Karena emang hubungan Tiongkok dan Hongkong ga harmonis. Meski merupakan bagian dari Tiongkok, Hongkong merupakan wilayah semi-otonomi yang punya aturan, sistem hukum dan ekonominya sendiri. Sistem politik yang dianut Hongkong adalah demokratis, sedangkan Tiongkok bersistem komunis. Karenanya, Undang-Undang Ekstradisi ini dinilai oleh para aktivis pro-demokrasi Hongkong sebagai upaya negara komunis itu untuk lebih bisa ngontrol Hongkong.

Dan para aktivis itu bilang “No way!” dengan cara…

Turun ke jalan, protes, bentrok sama polisi dan dihujani gas air mata. Sejauh ini, setidaknya sudah ada 72 orang korban luka-luka. Sounds familiar?


Untuk yang suka naik ojek online, kamu harus tau kalo…

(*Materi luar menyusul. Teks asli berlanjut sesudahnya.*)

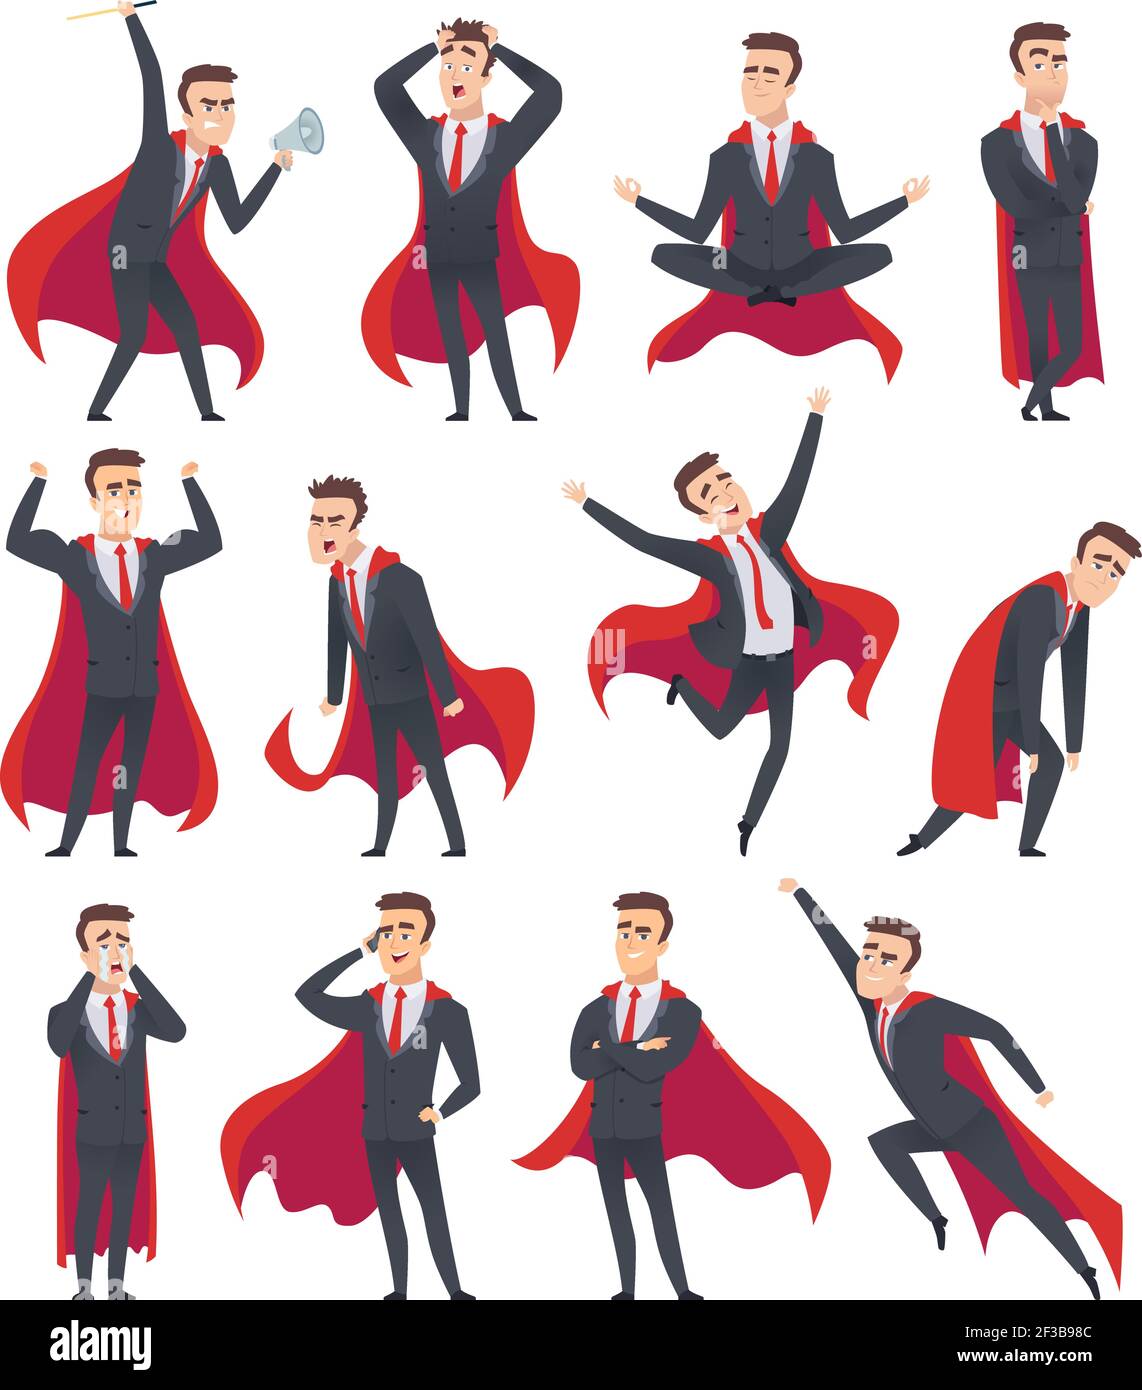 Superhelden von Geschäftsleuten. Männliche Charaktere in Aktion Posen von Superhelden Business Person Vektor Cartoons Stock Vektor
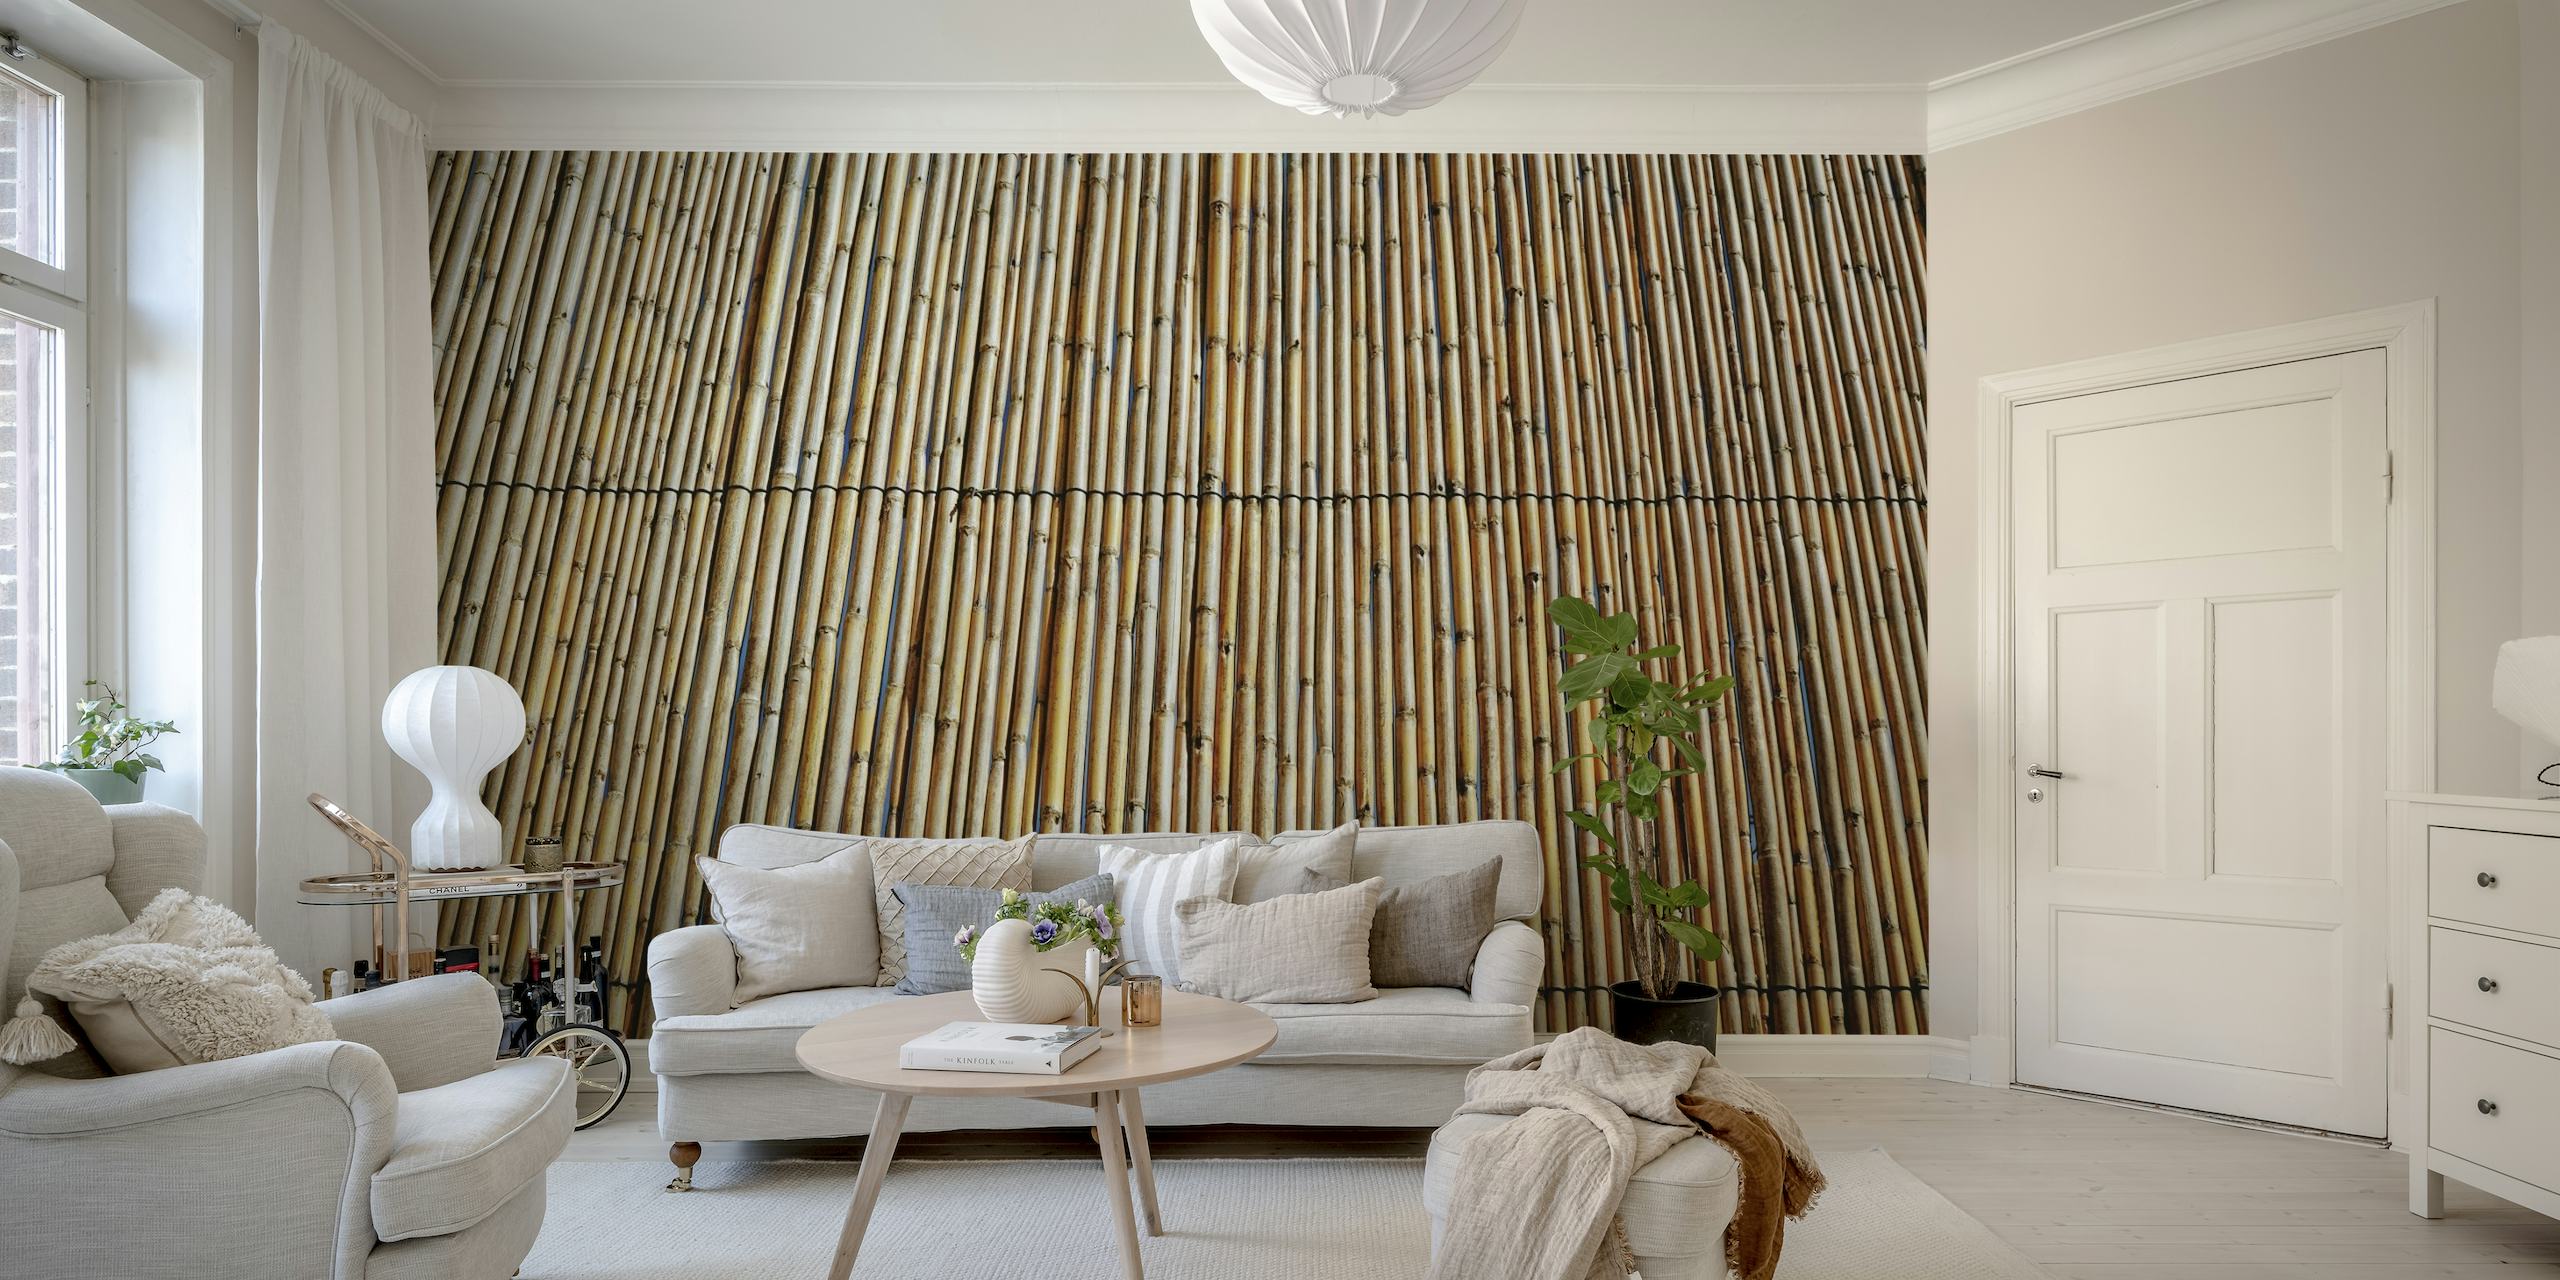 Wooden Bamboo Wall papel de parede

Pemerintah ga jadi bikin aturan soal diskon ojek online. Awalnya, pemerintah mau mengatur terkait diskon ojol yang berpotensi menyebabkan terjadinya monopoli dan predatory pricing.

Predator? Kayak yang di film Jurassic Park itu? 
Bukan. predatory pricing adalah istilah dalam ekonomi yang tidak sehat di mana satu perusahaan menurunkan harga servisnya jadi murah banget dengan tujuan mematikan pesaing. setelah pesaingnya mati, maka perusahaan tersebut akan menaikkan harga lagi untuk memulihkan kerugian selama masa predatory dan mendapatkan keuntungan.

That’s sounds bad. Terus kenapa ga jadi diatur?

Karena pemerintah a.k.a Kementerian Perhubungan bilang, urusan monopoli dan predatory pricing ini bukan urusan dia, melainkan urusannya Komisi Pengawas persaingan Usaha (KPPU).

Terus, jadinya gimana? 

Jadinya, menurut Kemenhub ya ga apa-apa ada diskon (yeay!) asal jumlahnya ga melewati tarif atas dan bawah yang udah diatur pemerintah. Contohnya, misalnya tarif bawah per satu kilometer adalah 2.000 rupiah, misalnya kamu dapet diskon potongan harga sebesar 1.500, diskon itu ga bisa bikin harga ojol kamu turun jadi 500 rupiah per kilometer. Gitu…


Kalau hari ini kamu ga bisa buka Whatsapp dan Instagram, itu bukan gara-gara hape-mu ga dapet sinyal

Tapi karena ada kemungkinan pemerintah membatasi koneksi kepada dua aplikasi itu menjelang sidang Pilpres perdana di Mahkamah Konstitusi yang berlangsung hari ini. Namun menurut Kementerian Kominfo, pembatasan ini masih situasional kok, tergantung rusuh atau engga dan banyak hoaks berseliweran atau enggak.